This month we profile PhD student Stephen McCloskey. Stephen’s research is a data-driven multidisciplinary project analysing sleep disorders using machine learning techniques to identify quantitative characteristics.
Please tell us a little about yourself
I am a current PhD student at University of Sydney that was born and raised in Sydney. I graduated in 2016 from University of Sydney with a combined degree in Bachelor of Information Technology (Honours) and Bachelor of Science.

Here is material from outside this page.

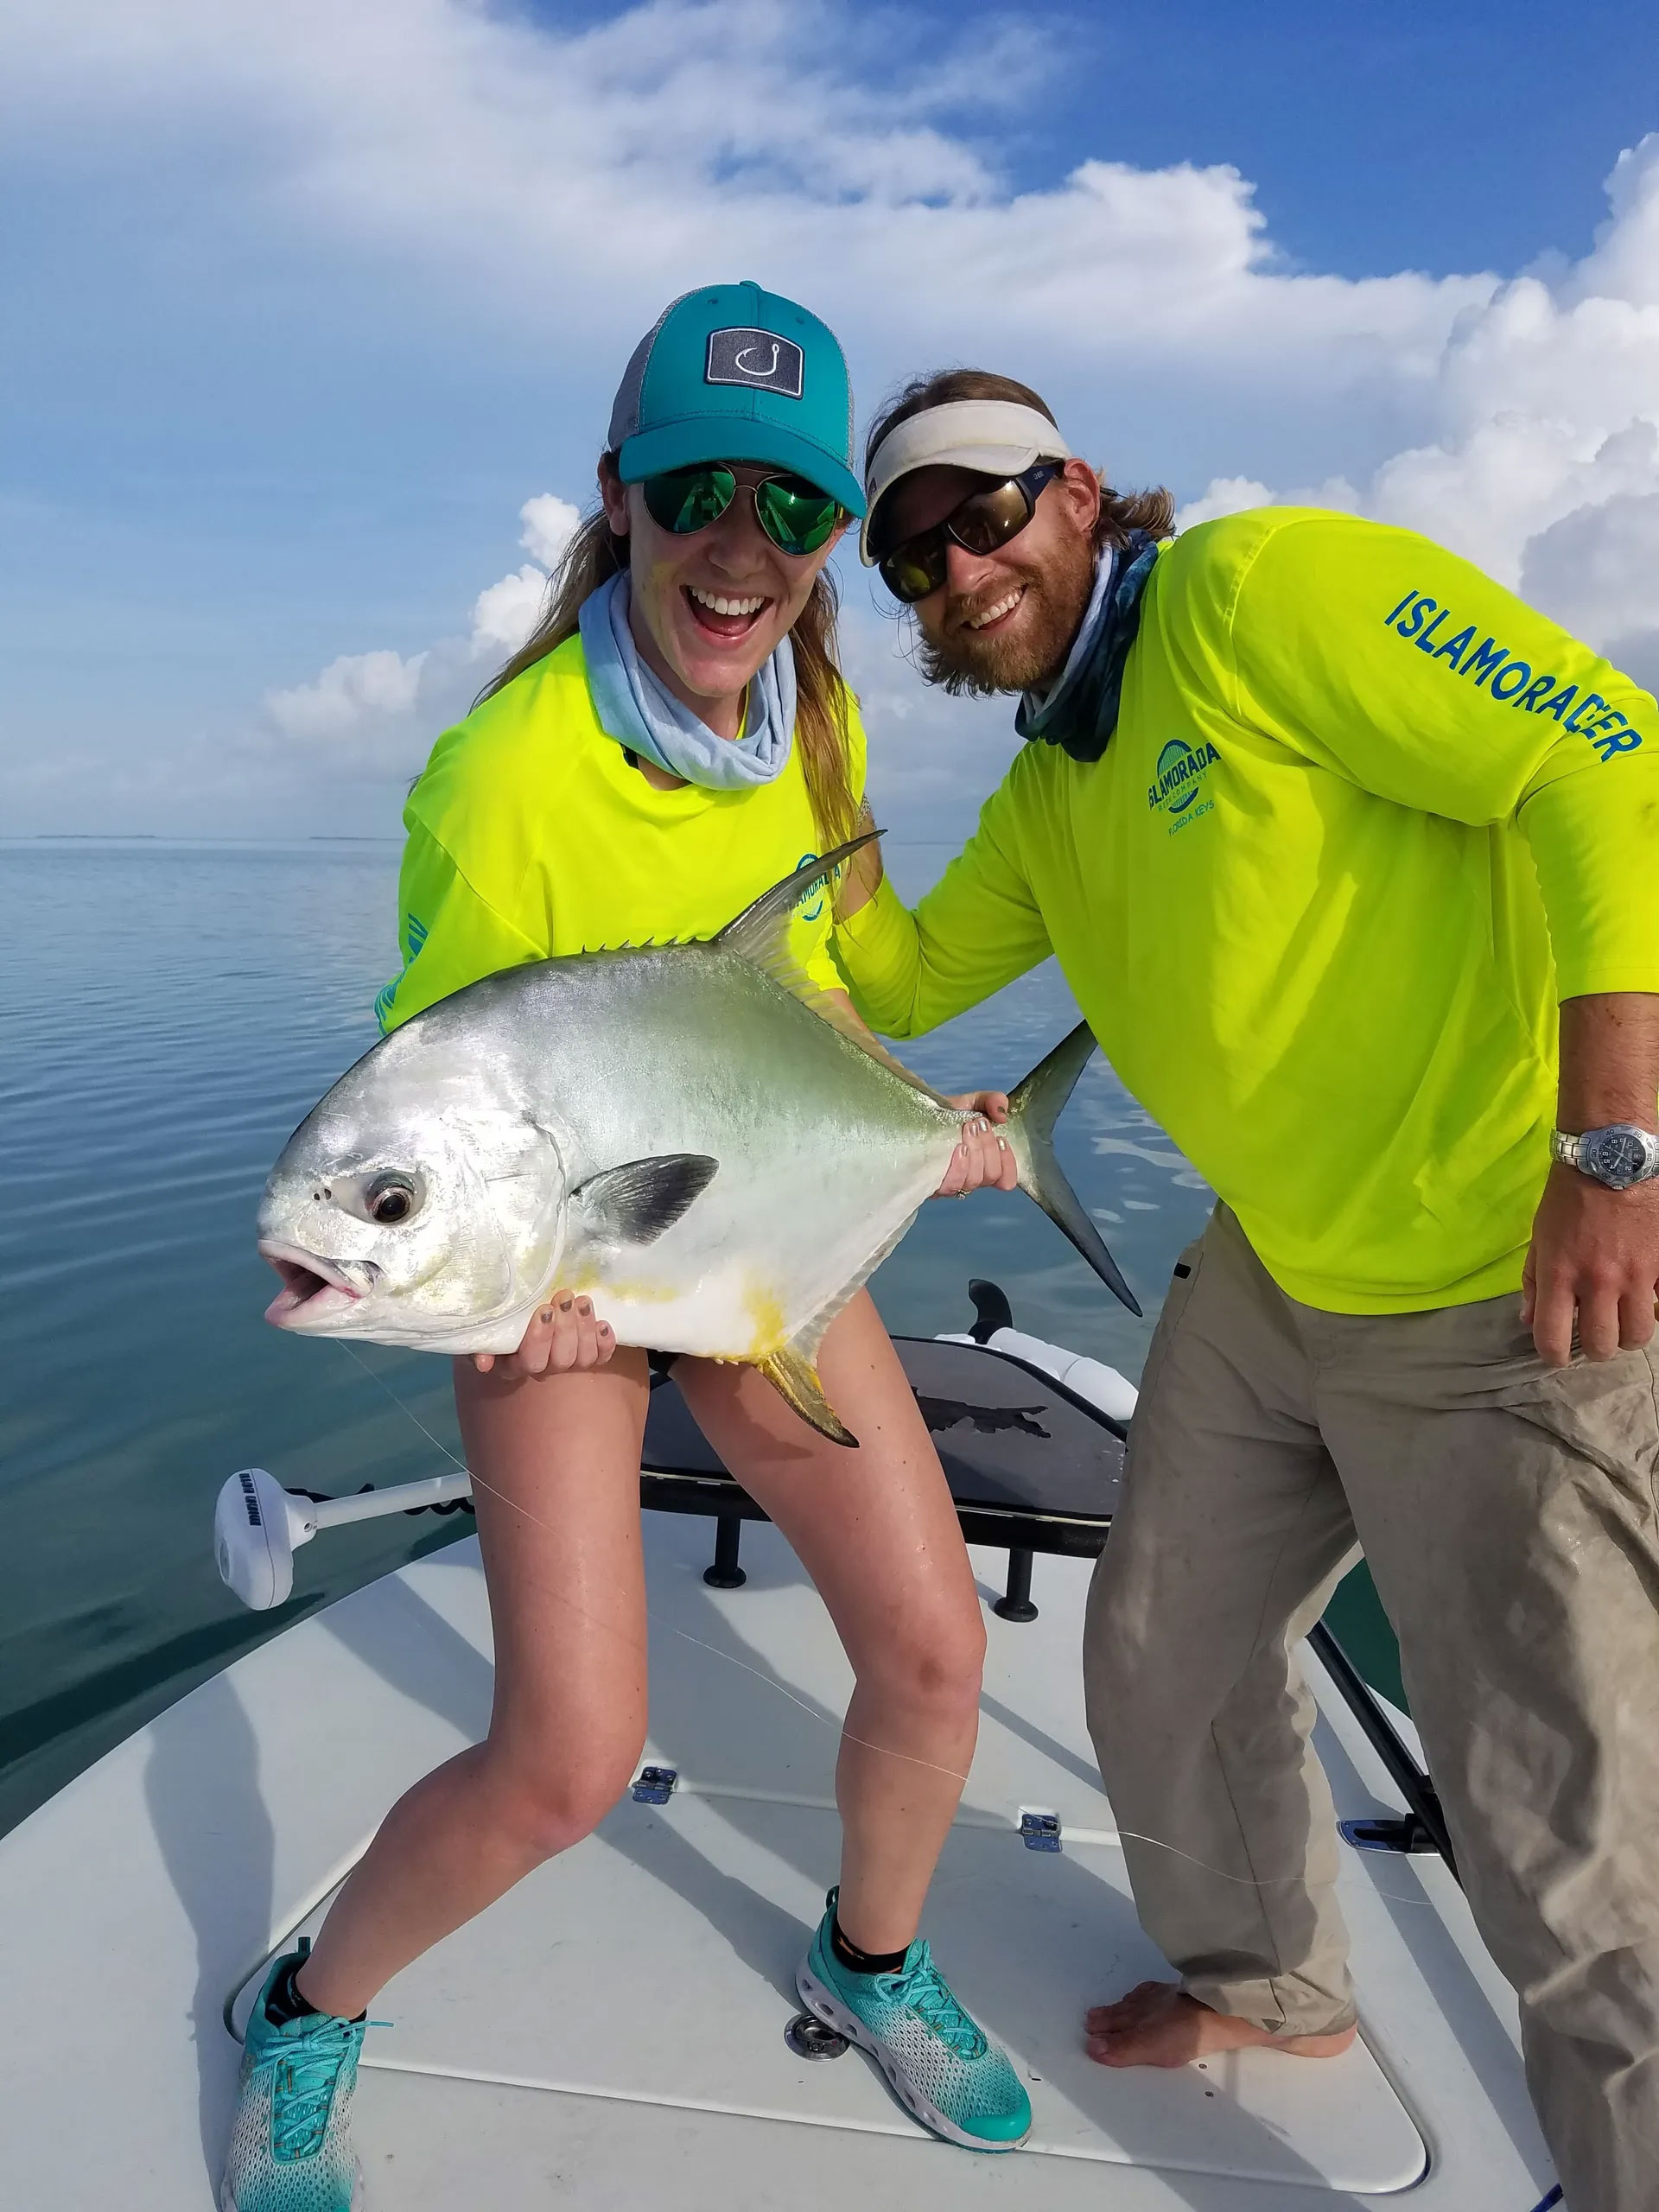 Smiling couple holding a large fish

Through my studies, I worked with the Alertness CRC and the Brain Dynamics Group investigating sleep dynamics, who were developing a sleep-wake model to assist with issues including sleepiness and adaption during jet lag and shift work. In that project, I investigated and incorporated the altering effects of light on sleep in the sleep-wake model.
What is your research on?
Currently in sleep medicine, clinicians subjectively diagnose sleep disorders such as insomnia, however the quantitative characteristics of many sleep disorders have not been determined. My research is a data-driven multidisciplinary project analysing sleep disorders using machine learning techniques to identify quantitative characteristics.
My project focuses on identifying characteristics of sleep disorders including insomnia disorder and OSA using PSG. This includes identifying potential phenotypes of insomnia disorder using EEG to assist diagnosis of insomnia, identifying hypopnea and obstructive apnea events in nasal airflow and investigating the quantitative characteristics of sleep stages using sleep trajectories from a neural-field brain model.
What are the real world consequences of your research?
The vision of this project is to identify the main characteristics of different sleep disorders to allow more accessible and cheaper personal devices at home to monitor abnormal states of sleep. This would provide patients with an objective diagnosis that could be used to assist with a more precise and personalised treatment of these sleep disorders. This could also be used to provide larger scale feedback with real-world data that can be used to further improve the diagnosis and treatment of these disorders.
What does digital health mean to you?
For me, digital health refers to the union of technology and healthcare that allows people to monitor and manage their own healthcare with a greater accuracy and with more objectivity using data-driven approaches. For many medical conditions, including sleep disorders with tiredness, doctors currently work with subjective complaints, as it is difficult or expensive for people to access the current studies used analyse those conditions, i.e. it can take weeks of preparation for an overnight sleep lab.
Digital health assists with this by investigating how to make healthcare more accessible so that can be used at home to track and identify health issues with objective measurements, which allows people to make informed decisions and make medicine more personalised and precise to their needs.
Digital health also allows for more real-world data to be generated, which allows for larger scale data-driven approaches to allow researchers to further improve their understanding and treatment of different health problems, particularly uncommon or rare conditions. This can be used to improve research into these conditions more effectively than isolated studies set in precise environments that may not be realistic for many people.
A very big thank to you to Stephen for being our June profile.